The police, an ambulance and the fire brigade arrived. I talked to them at the scene and several times later, along with someone from the Department of Civil Aviation. I was permitted to drive myself back to the city, but Chloe went in the ambulance. She was sobbing again, almost hysterical. Maybe she had acting talent after all.
What took place at police headquarters subsequently they called debriefing. It felt more like the kind of spray football coaches direct at poorly performing players. The Glock had fired the bullet that killed Bobby Forrest and the paint on the Commodore’s bumper bar matched that on the Alfa Romeo.
I told Sean Rockwell he should be pleased the case was closed.
‘You should’ve come to us.’
‘With what? I had nothing solid.’
‘I’d have listened to your suspicions and your reasoning.’
‘Would you?
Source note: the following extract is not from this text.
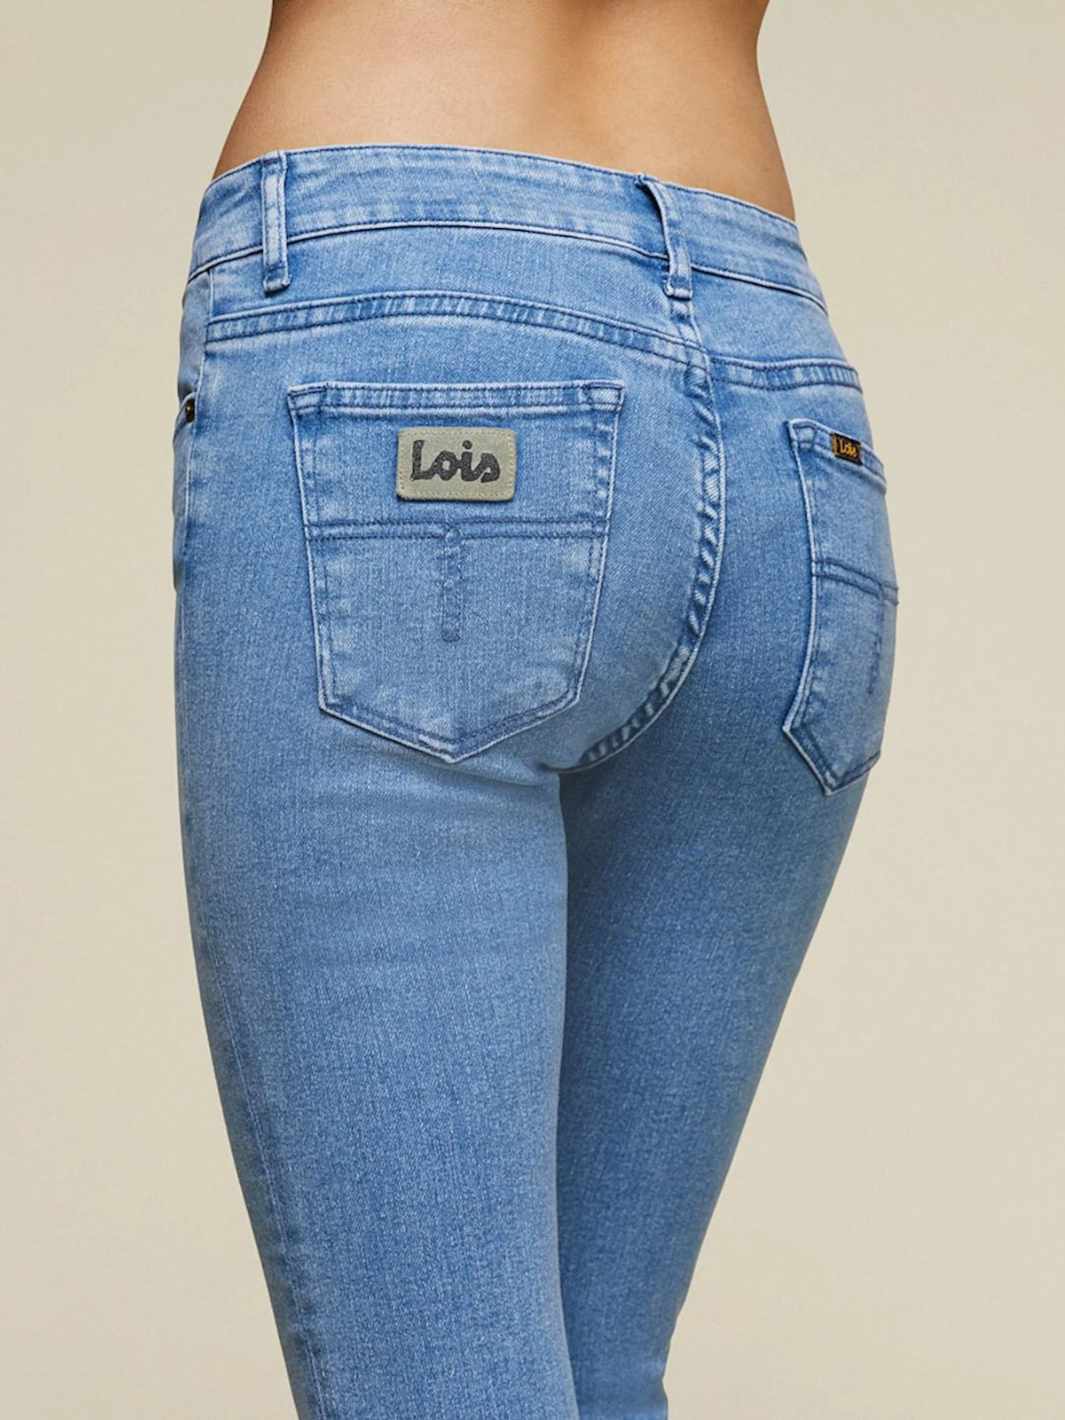 Lois Jeans Jeans | Raval Hyper Ladywash Sky Bleach
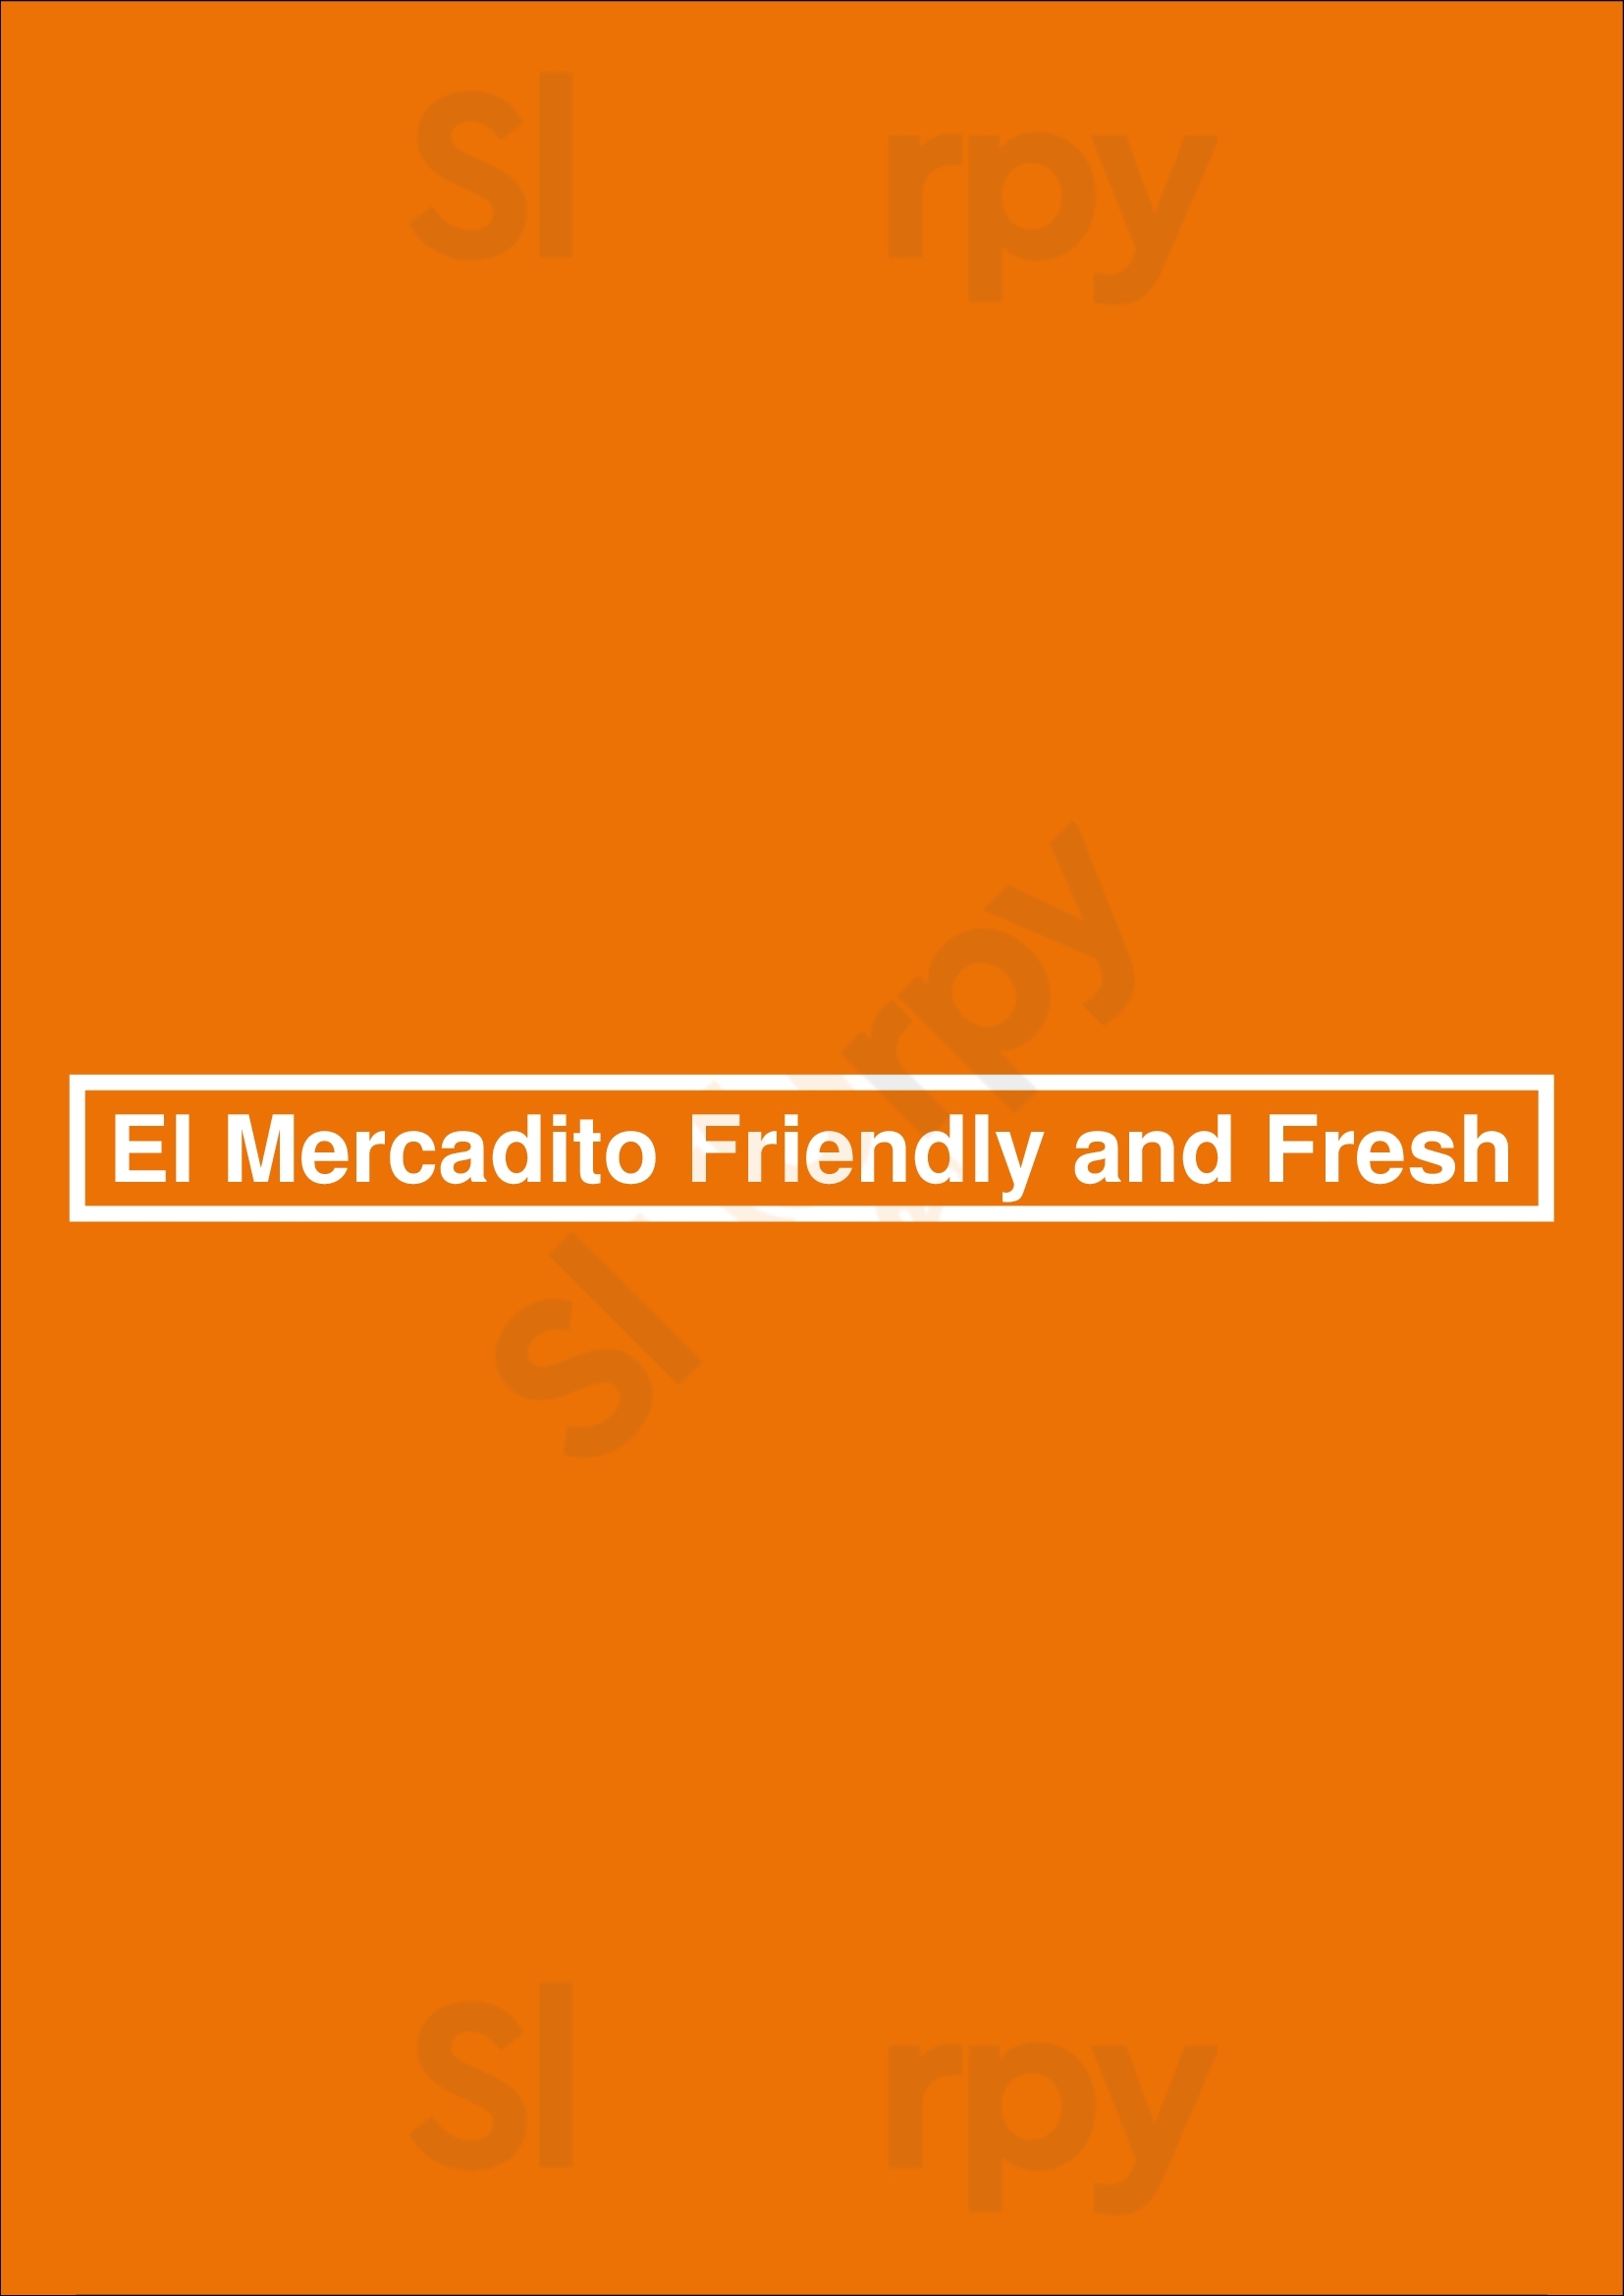 El Mercadito Friendly And Fresh Mendoza Menu - 1

I’ll bear that in mind next time. Face it, Inspector, you’re a busy man with a lot of things on your plate. This was all I had to think about and that’s the difference.’
He gave me a weary smile. He wasn’t a bad bloke. ‘I bet you didn’t even get the Falcon fixed,’ he said.
The media gave it a big splash but such things have a brief time in the sun and it wasn’t long before the story was displaced by others. I resisted all the offers and approaches for interviews. I didn’t follow the coverage closely, but I didn’t see any mention of the Newtown acting school, so Kylie March would be happy. Or maybe not. I remembered what she’d said about the value of managed notoriety.
I could certainly do without it and I took a short holiday in the Illawarra. I stayed in the Thirroul motel where Brett Whiteley had died but I scarcely spent any time there. I met Sarah on the evening I arrived and we ate and drank and walked on the beach and made love on a mattress on the deck of her house with the waves just audible when we stopped panting and laughing. We body-surfed at Thirroul beach, ate in the cafes and pubs that provide good food and service that help to keep the area going now that the coal mines have closed and the heavy industry has mostly shut down. We watched the hang-gliders who took off from Stanwell Tops and drifted and swooped far out to sea. The sight of them reawakened a query that had lodged somewhere in my mind but in the heat of our reunion I couldn’t bring it into focus. She sang; I loved her voice. We swapped stories; it was all good, but she was Illawarra and I was Sydney. They weren’t so far apart and we thought we could see a kind of future for us.
When I got back I set up a meeting with Ray Frost and Jane Devereaux. It was sad, but it went well. We said we’d stay in touch but we haven’t. At Jane’s invitation I went to the launch of Harry Tickener’s book, The Whole Truth. There were a lot of media people there but not Michael Tennyson. The tape I had was insurance for Jane and for me and I wondered how long I should keep it and what I should do with it eventually. It was an uncomfortable feeling.
I haven’t heard anything since about Chloe Monkhurst but I keep expecting to. There were no proceedings against her but I couldn’t help wondering what she’d meant when she said: ‘I did, you know.’ She was stoned when she said it but not totally stoned.
The questions the hang-gliders, men and women, had prompted me to ask myself as they soared above the Tasman Sea were these: how disabled was Jason Clement? How competent or otherwise was he with firearms? He had had misadventures with guns before. Had Chloe really been in the car with him or was she as deluded and obsessed about Jason as he was about Bobby Forrest? I didn’t know, and although it niggled at me, I didn’t want to know.